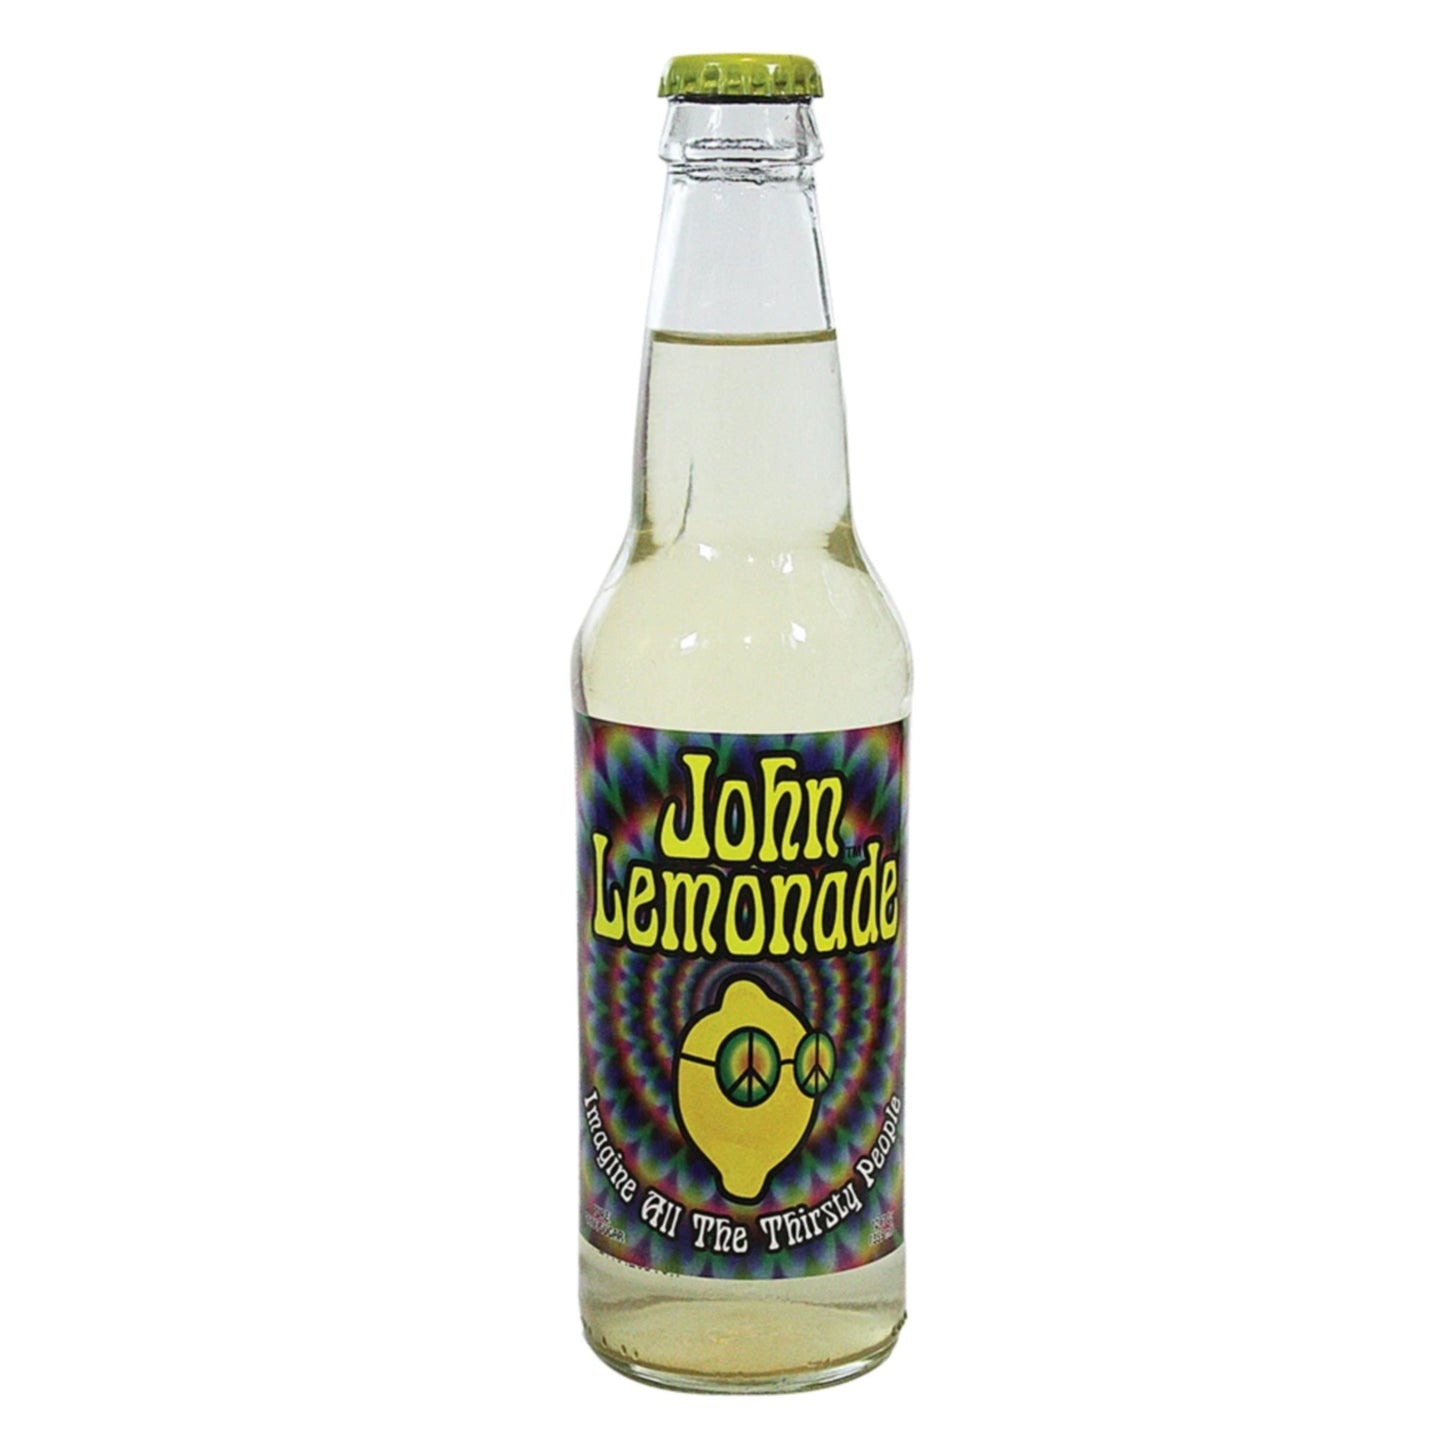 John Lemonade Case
#####
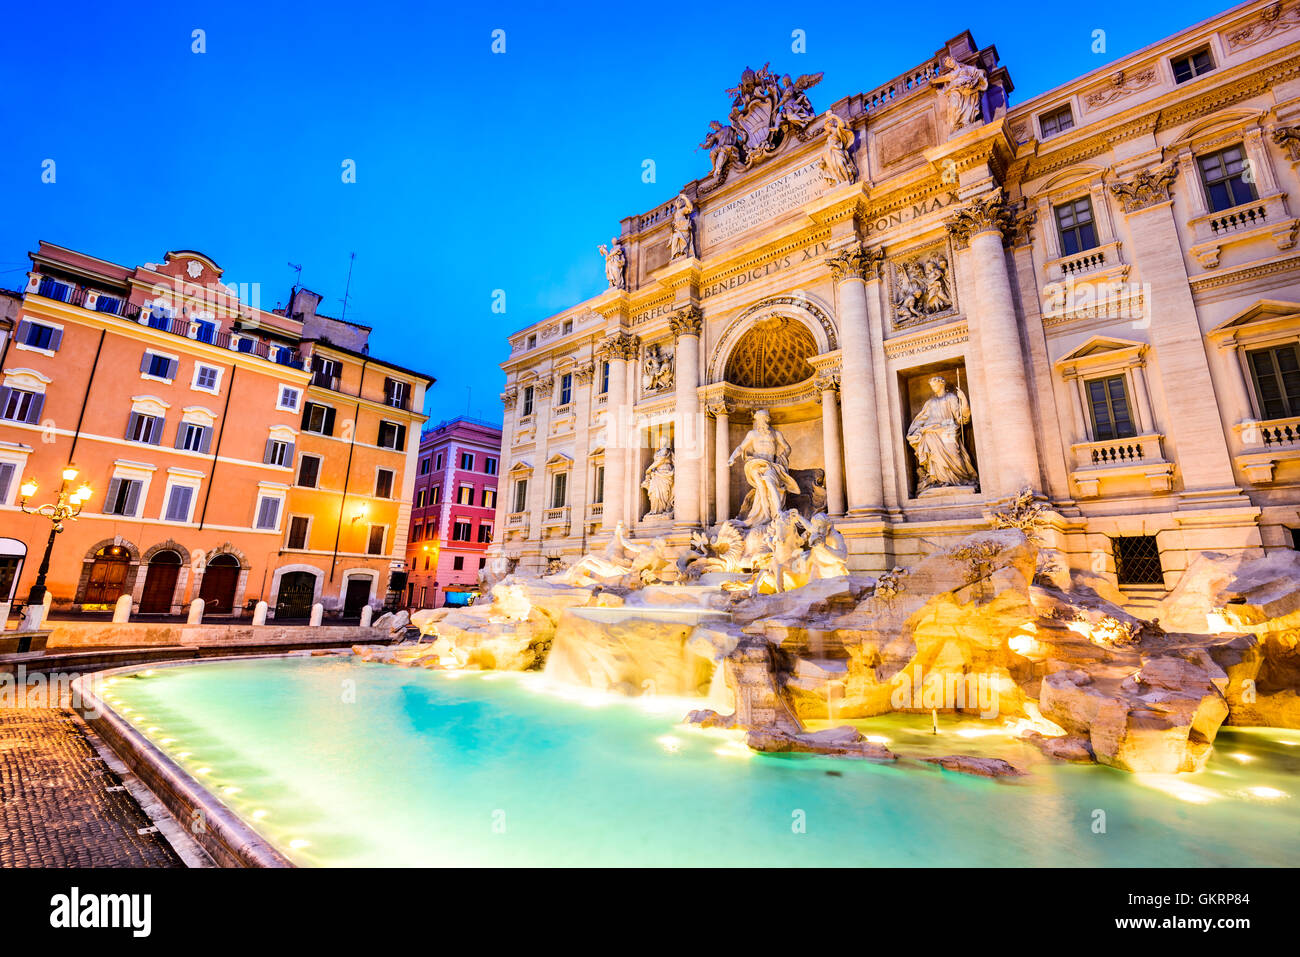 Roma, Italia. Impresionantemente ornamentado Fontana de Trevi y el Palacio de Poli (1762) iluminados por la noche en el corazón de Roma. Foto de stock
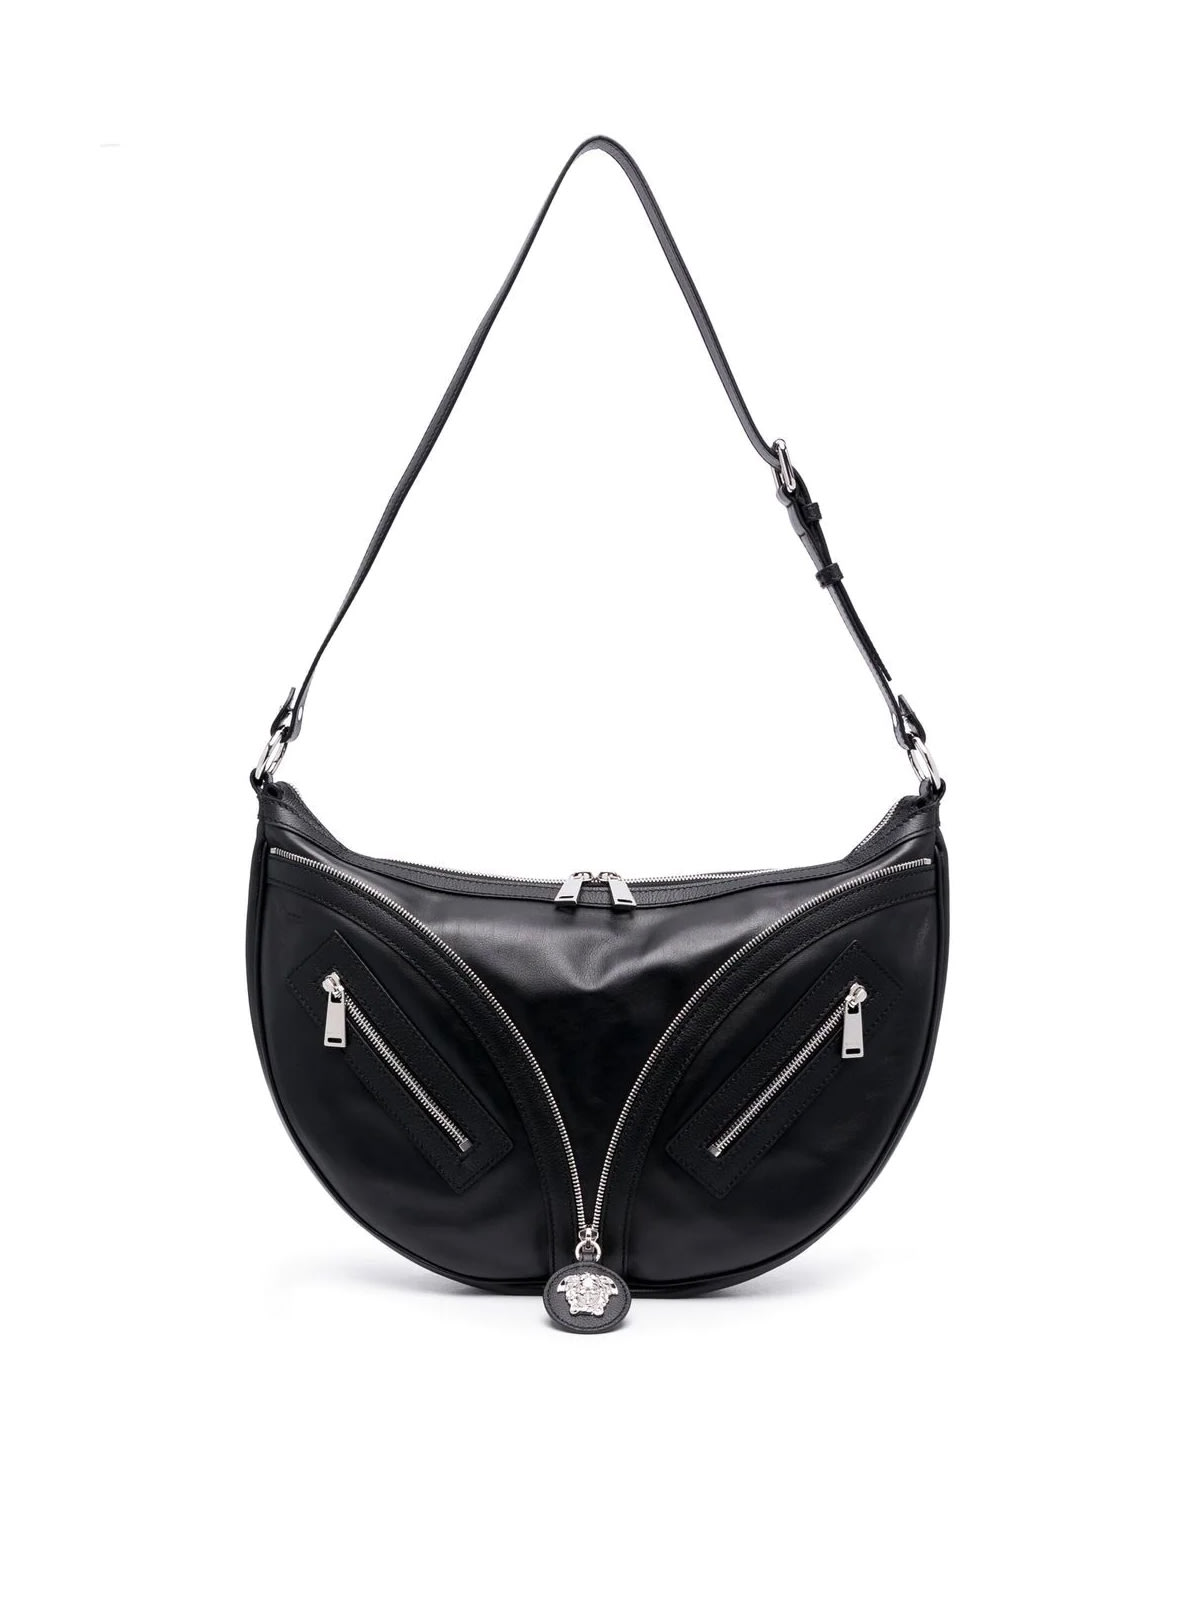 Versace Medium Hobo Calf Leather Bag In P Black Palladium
#####
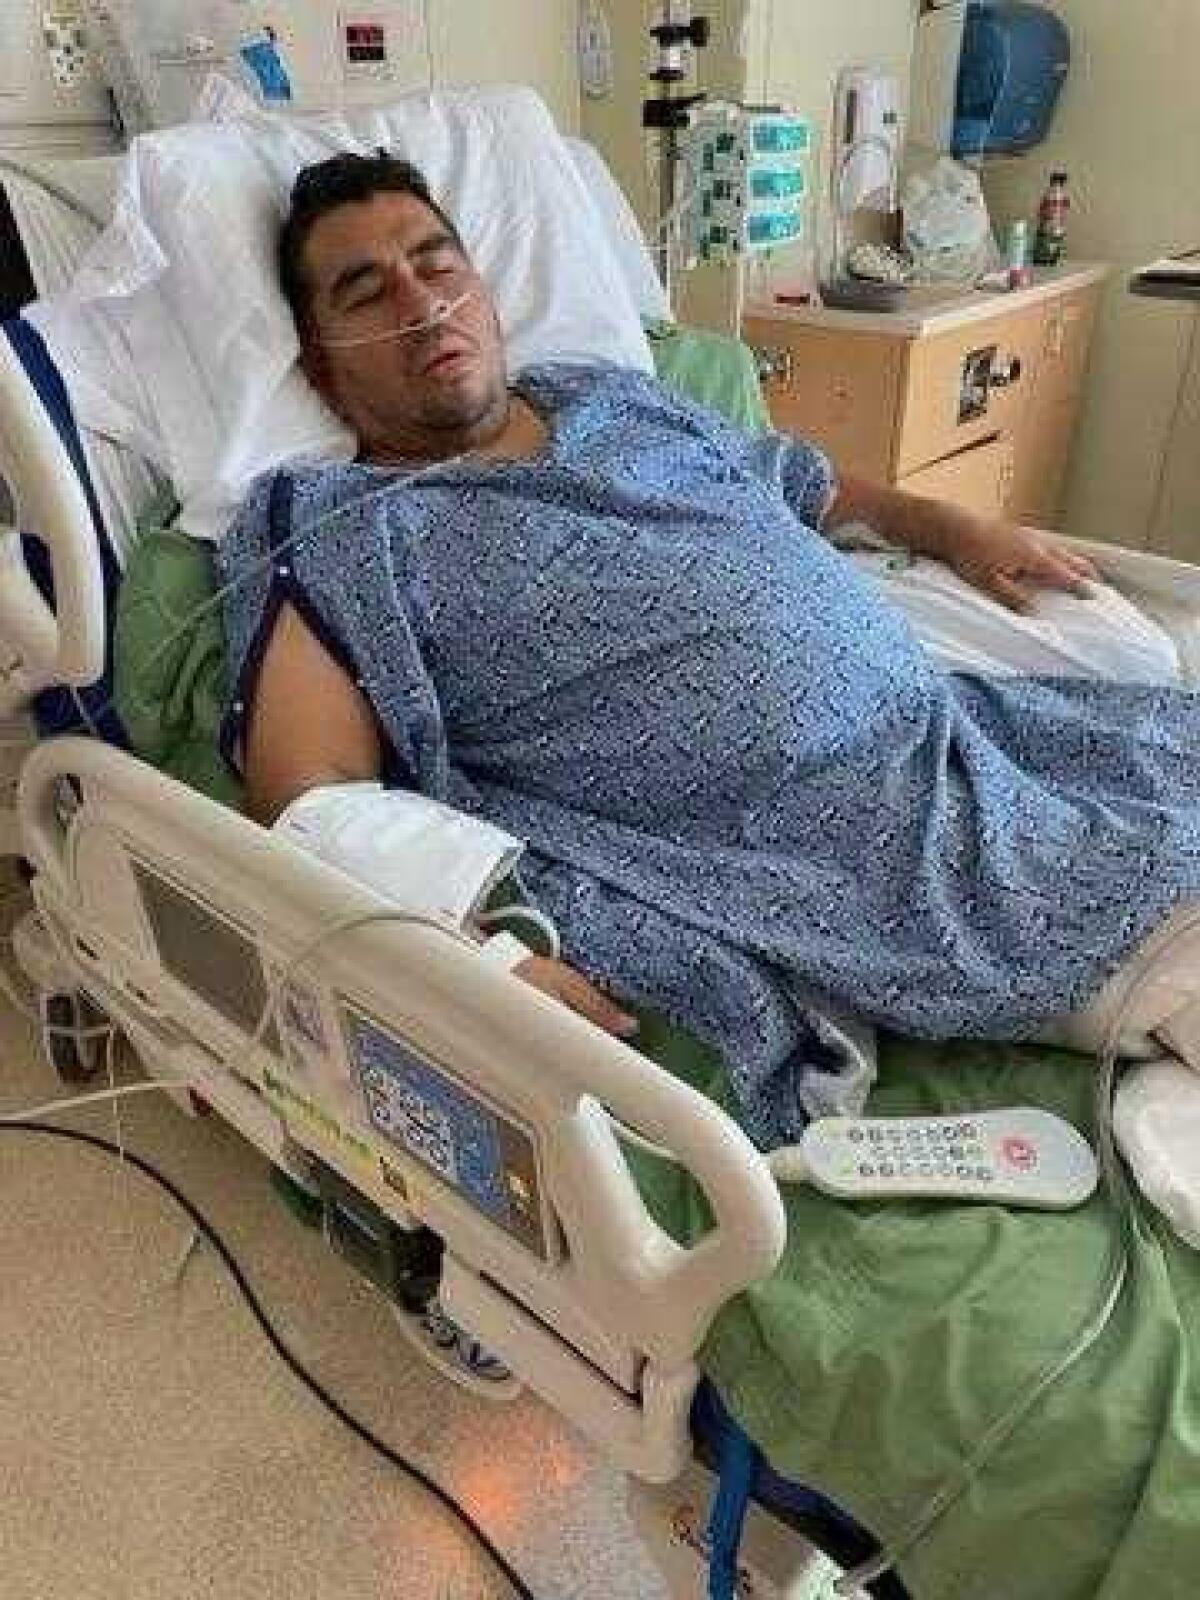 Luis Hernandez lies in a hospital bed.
#####
Your goal =>
The expected output is the lines above from the one containing "Roma, Italia. Impresionantemente" to the one containing "Versace Medium Hobo", both ends included, reproduced exactly with every picture left out.

Answer for this exercise =>
 Roma, Italia. Impresionantemente ornamentado Fontana de Trevi y el Palacio de Poli (1762) iluminados por la noche en el corazón de Roma. Foto de stock
 Versace Medium Hobo Calf Leather Bag In P Black Palladium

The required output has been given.